■ **Raw data**
────────────────
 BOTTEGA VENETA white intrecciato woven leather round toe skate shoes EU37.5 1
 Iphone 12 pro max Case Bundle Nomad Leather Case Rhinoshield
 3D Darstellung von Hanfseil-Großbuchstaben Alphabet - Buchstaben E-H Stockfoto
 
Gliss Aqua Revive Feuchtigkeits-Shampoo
────────────────
■ **Task objective**
Copy out exactly the line that holds "Iphone 12 pro" and all remaining lines of the listing, both the first and the last included.

■ **Output for this task**
 Iphone 12 pro max Case Bundle Nomad Leather Case Rhinoshield
 3D Darstellung von Hanfseil-Großbuchstaben Alphabet - Buchstaben E-H Stockfoto
 
Gliss Aqua Revive Feuchtigkeits-Shampoo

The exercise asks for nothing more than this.